Живот Киры вздулся, она вскрикнула от мучительной боли. Скоблев, как ни в чём не бывало, продолжал:
— В Джубути брат встретил племя кочевников, которых отличала невероятная, даже по меркам голодной Африки, худоба. Племя это не только не боялось паразитов, но принимало их, как великий дар. Заражённый гельминтами почитался, как святой. Но это касалось не всех лентецов, а лишь одного вида. Не изученного наукой древнейшего паразита, предка бычьего цепня.
Кира взвыла, задёргалась в кресле. Ей хотелось выблевать слова, поступающие в её мозг из уст симпатичного рекламного врача.
— Открытый братом гельминт скрывался от учёных столько лет благодаря изумительной способности мимикрировать. Позвольте пояснить. Обычные цепни размножаются, отделяя от себя проглоттидов, небольшие отростки, которые выходят из оккупированного организма вместе с калом. Проглоттиды ползают, рассеивая яйца с личинками — чудо природы, не так ли? Но проглоттиды нашего с вами червя настолько малы, что обнаружить их в кале практически невозможно!
На лице Скоблева появилось то выражение, которое бывает у людей, увидевших отличный фокус.
— Брат исследовал гельминты и пришёл к удивительному выводу. Древний червь предпочитает голодных людей сытым. Микрофлора кишечника, страдающего от недоедания человека — идеальная для него среда.
Кира вцепилась в подлокотники кресла, её тело выгнулось дугой.

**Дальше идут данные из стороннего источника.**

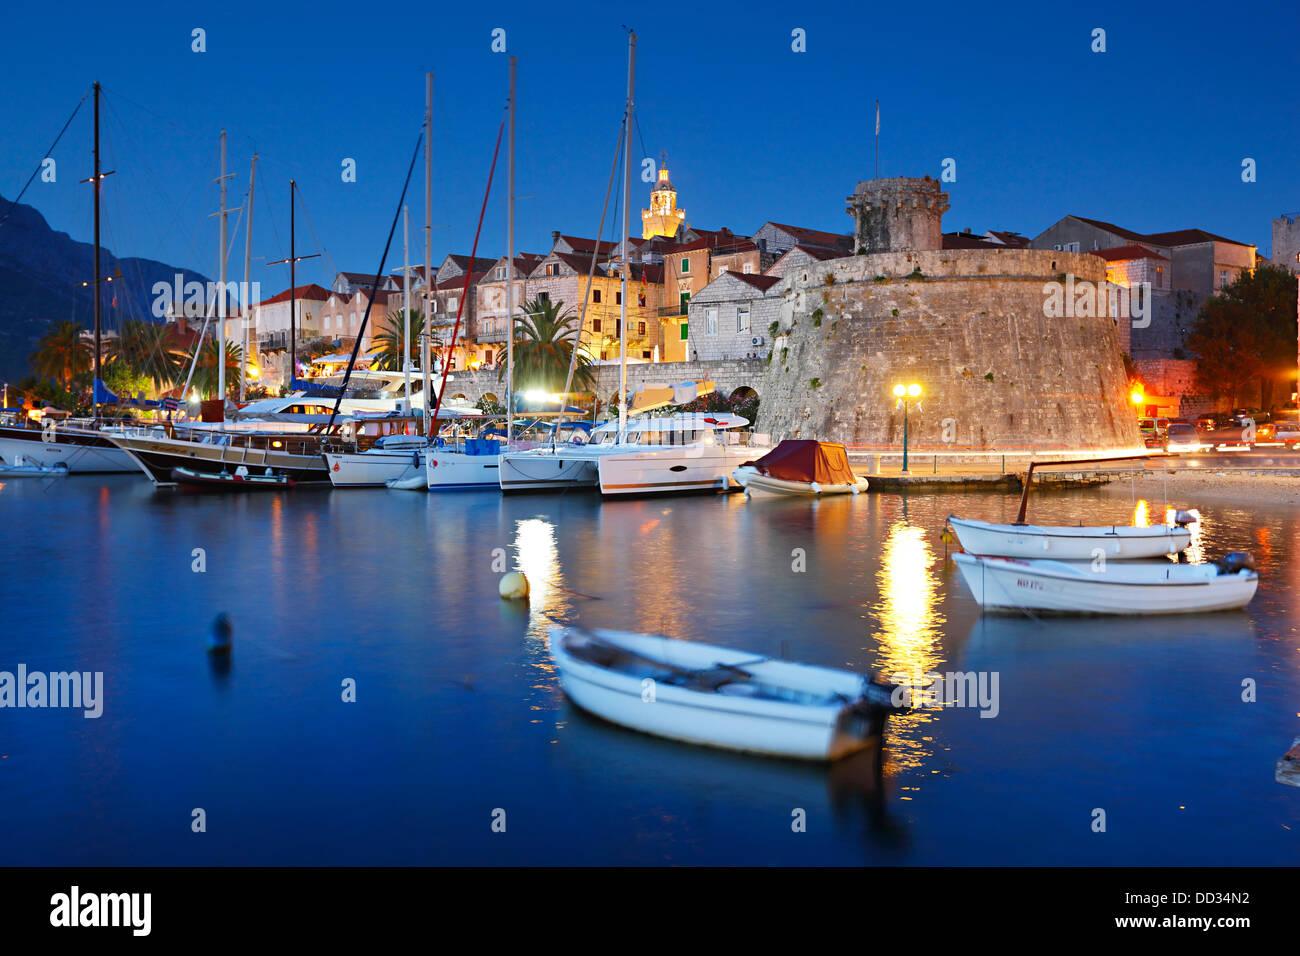 La città di Korcula, Croazia Immagini Stock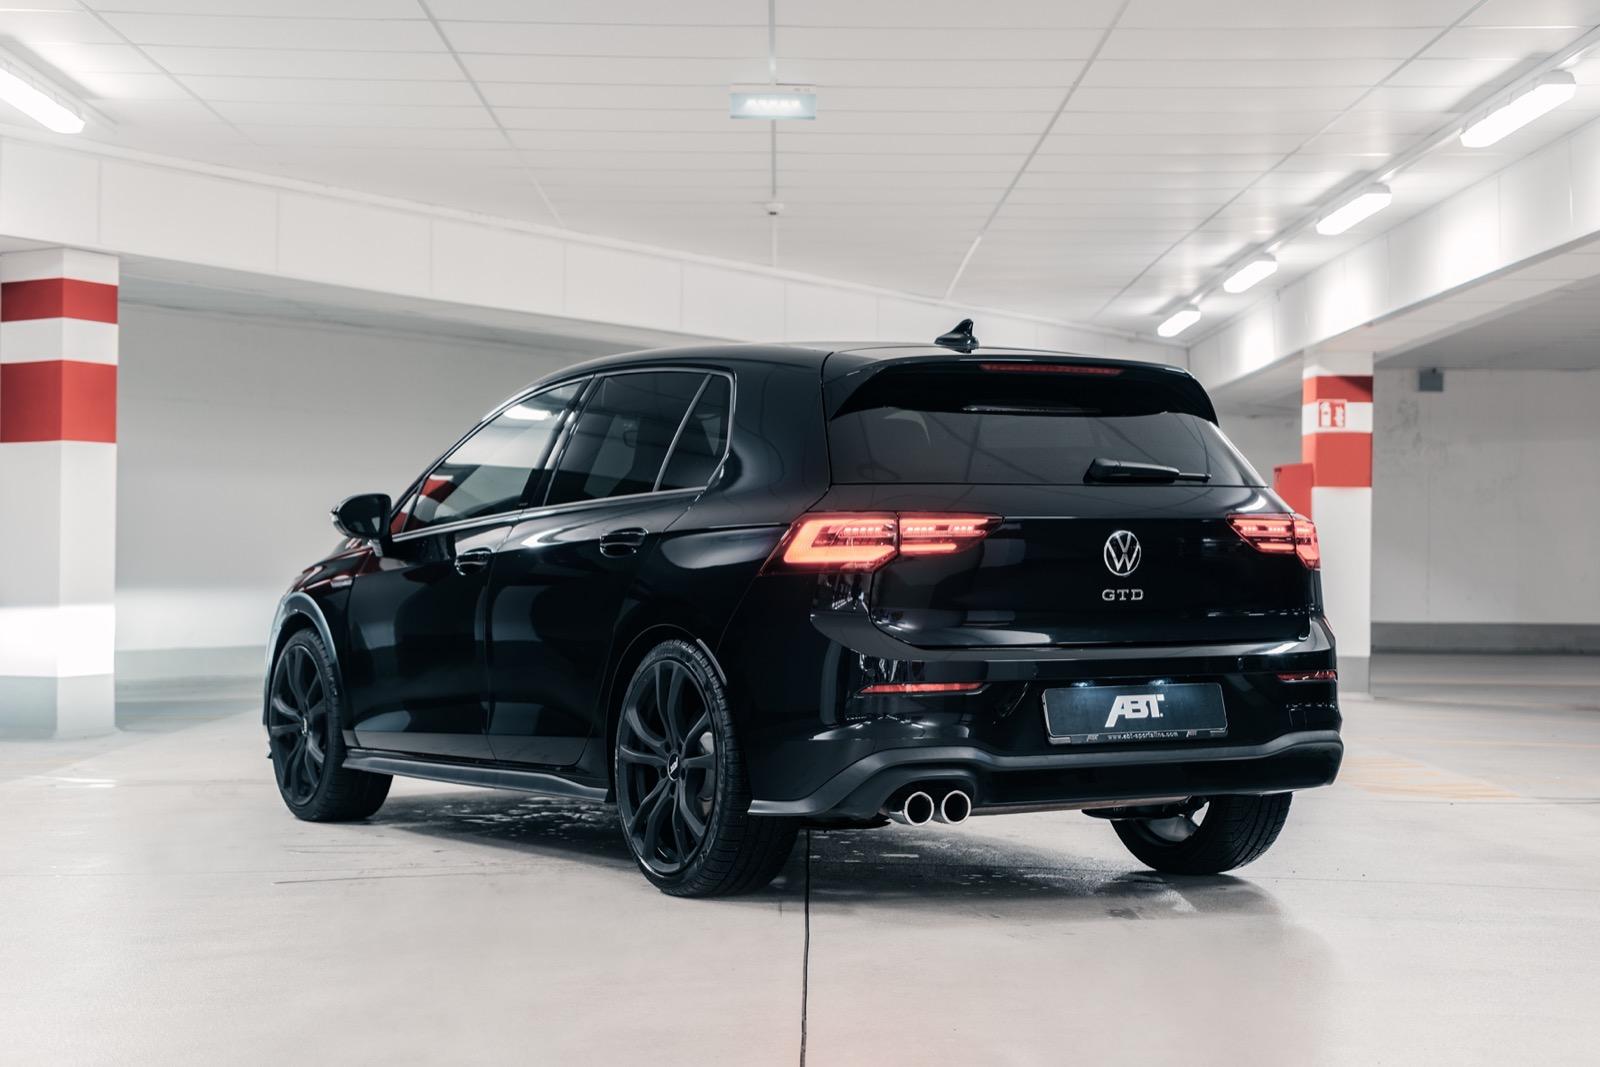 Volkswagen-Golf-GTE-ABT-Sportsline-6

— Продолжать исследования среди дикарей брат не мог. Зато мог начать эксперименты здесь, вместе со мной. Нужно было лишь найти добровольца, согласного проглотить живую цисту червя. Однажды я увидел в Интернете рекламу лекарств для похудения, и меня осенило. Три месяца мы искали подходящего кандидата, зондировали Интернет. Отослали анкеты сотне девушек, из которых отобрали нескольких. Злобных, социопатичных, любящих лишь себя. Достаточно тупых и совершенно одиноких. Тех, кого не отговорит мама, не отведёт в настоящую больницу муж. Всё шло, как по маслу, но в вашем случае, Кира Дмитриевна, результат был поистине потрясающим. Другие черви только начал расти, а ваш уже прошёл все стадии, от мельчайшего паразита, до половозрелой геромафродитной особи. Я не понимал, в чём дело, пока вы не рассказали о «Бьютиноле». Жуткая химия, но её состав вызвал интереснейшую мутацию, которую нам ещё предстоит изучить. Позвольте.